Commendation: The Diamond Engineering Building, The University of Sheffield
Representing The University of Sheffield’s largest ever investment in teaching and learning, The Diamond Engineering Building is a new undergraduate facility.
Architect: Twelve Architects
Structural engineer: Arup
Steelwork contractor: Billington Structures Ltd
Main contractor: Balfour Beatty
Client: The University of SheffieldSheffield University’s 19,500m² Diamond Engineering Building will provide specialist engineering laboratories, lecture theatres, flexible seminar rooms, open-plan learning and social spaces, integrated formal and informal learning environments, a library and a café.
The intention is that the six-storey building will promote collaborative working and multi-disciplinary learning for the 5,000 student study spaces available.
The Diamond’s design is said to be both conceptual and practical, as well as being sympathetic to the existing architecture of the area – in particular the stone tracery of St George’s Church windows from which the exterior panelling was inspired.
Designed by London-based Twelve Architects, the building’s name derives from its unique exterior façade of interconnected diamonds in anodised aluminium that are fitted to the exterior glass cladding.
“Using steelwork within this hybrid designed building helped us create the central atrium with lightweight and slender columns,” says Twelve Architects Director Matt Cartwright. “While the feature cladding system is also hung from a roof level steel truss.”
With a BREEAM ‘Excellent’ rating, the structure is also environmentally efficient. The explicit positioning of windows maximises the inflow of natural light into the laboratories, and aids ventilation without the sole reliance on air conditioning.
The ground floor has three access points to the central atrium with full-height glazing on the north and south edges giving internal views into the specialist engineering laboratories. This showcases the diversity of research and learning, as well as the University’s philosophy on cross-disciplinary study.
The glazed apertures between the higher levels allow both the roof lights and daylight to flood into the open-plan study spaces below, while also creating acoustic separation.
A large proportion of the structure below roof level was neither on grid, nor orthogonal in set-out but the adaptable and slender nature of steel construction lent itself to the unusual design. All steelwork below roof level was bevelled including the curved window frames.
The initially specified instruction for connections to the façade panels was a drilled and tapped detail, however this was not practical due to the building tolerances involved. Instead, the connections were formed using offsite shop-welded propriety studs which reduced costs significantly and saved weeks of additional construction time.
The steel was brought to site in approximately five to 10 tonne lots, to arrive and be erected in numbered sequence for safety, practicality due to limited on-site storage and stability during construction. The programme also had to consider minimising the disruption to the students; something the entire site team remained mindful of throughout the construction.

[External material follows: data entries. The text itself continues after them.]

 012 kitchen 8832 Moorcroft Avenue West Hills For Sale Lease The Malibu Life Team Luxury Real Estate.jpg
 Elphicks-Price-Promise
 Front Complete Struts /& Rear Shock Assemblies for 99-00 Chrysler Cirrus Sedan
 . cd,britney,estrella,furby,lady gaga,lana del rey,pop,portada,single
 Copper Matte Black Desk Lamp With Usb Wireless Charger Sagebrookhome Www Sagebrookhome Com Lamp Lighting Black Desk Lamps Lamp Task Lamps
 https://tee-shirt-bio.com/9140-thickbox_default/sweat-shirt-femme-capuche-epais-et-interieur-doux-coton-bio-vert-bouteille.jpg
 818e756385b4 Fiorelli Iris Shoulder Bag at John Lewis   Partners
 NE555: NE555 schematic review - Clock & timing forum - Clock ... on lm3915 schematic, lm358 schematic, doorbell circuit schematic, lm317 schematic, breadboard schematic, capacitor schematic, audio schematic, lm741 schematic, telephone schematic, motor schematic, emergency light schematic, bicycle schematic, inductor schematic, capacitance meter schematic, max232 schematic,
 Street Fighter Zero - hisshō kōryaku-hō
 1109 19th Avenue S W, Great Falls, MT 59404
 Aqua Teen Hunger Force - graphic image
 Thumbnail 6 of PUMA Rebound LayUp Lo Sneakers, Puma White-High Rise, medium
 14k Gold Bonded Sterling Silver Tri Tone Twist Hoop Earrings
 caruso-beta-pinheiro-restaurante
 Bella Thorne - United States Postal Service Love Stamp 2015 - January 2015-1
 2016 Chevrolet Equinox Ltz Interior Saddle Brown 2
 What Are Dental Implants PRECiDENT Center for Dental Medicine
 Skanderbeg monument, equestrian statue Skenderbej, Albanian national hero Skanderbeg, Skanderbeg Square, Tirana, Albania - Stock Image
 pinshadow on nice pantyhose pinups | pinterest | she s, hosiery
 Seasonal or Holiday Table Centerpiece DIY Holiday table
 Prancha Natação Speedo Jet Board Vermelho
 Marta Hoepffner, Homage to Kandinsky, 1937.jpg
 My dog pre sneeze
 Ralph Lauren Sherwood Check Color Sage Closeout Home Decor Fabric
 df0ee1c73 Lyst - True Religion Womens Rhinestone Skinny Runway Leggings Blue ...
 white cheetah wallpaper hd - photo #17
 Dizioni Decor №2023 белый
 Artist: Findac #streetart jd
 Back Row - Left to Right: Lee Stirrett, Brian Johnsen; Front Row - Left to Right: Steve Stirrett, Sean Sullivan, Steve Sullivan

In the brief the University requested a building that would be a significant move toward their long-term goals of substantially increasing the Engineering Department, and becoming the UK’s leading Engineering University.
“The Diamond has excelled expectations and we are proud to have been chosen as steelwork contractors by a local University, and especially to have been involved in the development of our future engineers,” says Billington Structures Contracts Director Brian Turton.
Summing up the judges say, a testament to the success of this imaginatively designed university building is how well it is used by the students. Exposed steelwork elements, including an immaculate spiral staircase, contribute to the architectural language of the interior. This well-crafted building with its excellent internal environment is bound to inspire all who use it.